JP2762001B2 - Wave-dissipating caisson and breakwater using it - Google Patents

Description

DETAILED DESCRIPTION OF THE INVENTION

[0001]

BACKGROUND OF THE INVENTION 1. Field of the Invention The present invention relates to a wave-dissipating caisson and a breakwater using the same, and more particularly, to a wave-dissipating caisson for reducing reflected waves generated when waves coming from offshore hit the caisson. It relates to a breakwater using this.

[0002]

2. Description of the Related Art Conventionally, a breakwater of this type has been constructed by constructing several caissons made of concrete or the like in parallel in a direction substantially perpendicular to the direction of the waves, thereby forming a harbor facility for protecting ships in a port.

[0003] This breakwater is designed to use waves caused by the seasonal wind and the like in the area as design waves, and to protect ships from the design waves, pile up rubbles made of rock blocks on the sea floor to form rubble mounds, and form concrete mounds thereon. The caisson was installed.

[0004] When the installed water depth is shallow, the breakwater is covered with a wave block to reduce the influence of the reflected wave on the navigating ship. However, when the installation water depth is deep, it is economically very disadvantageous to suppress the reflected wave by covering with a wave-dissipating block.

[0005]

Outside the harbor, waves from offshore rush in and hit the outside of the breakwater. These waves are reflected offshore, and the overlapping wave of the reflected wave and the incident wave is offshore. It prevented safe navigation of vessels sailing to the side and vessels trying to enter the port. Also, in recent years, the location of breakwaters has expanded in the offshore direction, and as a result, the installation water depth has also become deeper, so that the design wave height has increased and the reflected waves generated due to this have become non-negligible. ing.

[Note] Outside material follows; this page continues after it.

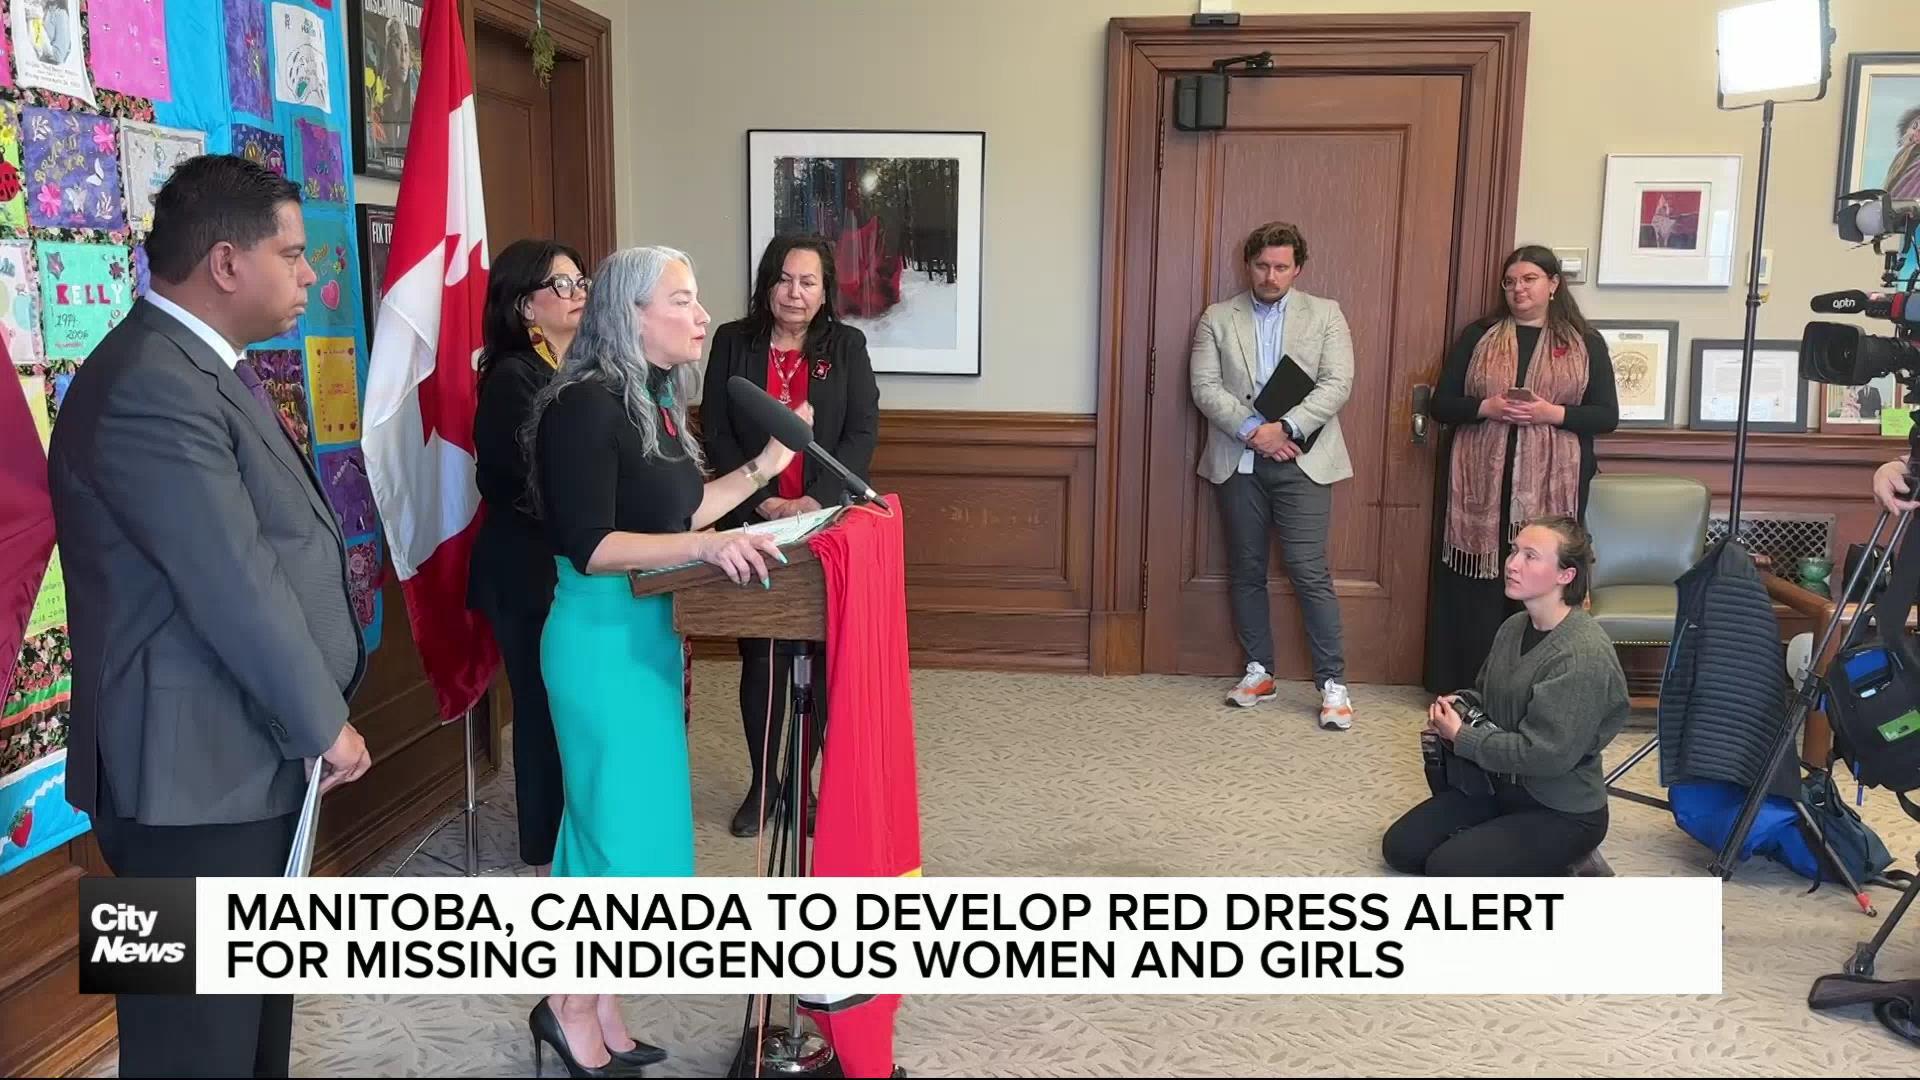 New Red Dress Alert system to be developed in Manitoba

However, it is economically more difficult to suppress the reflected wave by covering with a wave block as in the prior art as the breakwater becomes deeper.

The present invention has been made in view of the above circumstances, and an object of the present invention is to reduce a reflected wave generated when a wave rushing from offshore hits a caisson, so that a ship navigating offshore. Another object of the present invention is to provide a wave-type caisson and a breakwater which can safely and stably construct a ship which is going to enter a port, and which is excellent in economy.

[0008]

In order to achieve the above-mentioned object, the present invention relates to a wave absorber having at least one side wall of a caisson body having a substantially mountain-shaped horizontal cross section and a plurality of wave absorber holes. A water tank is formed on one side inside the caisson body, and the wave absorber is provided on the outer wall on the water tank side, and at least one of the plurality of wave absorber holes is provided. The section is connected to the water tank.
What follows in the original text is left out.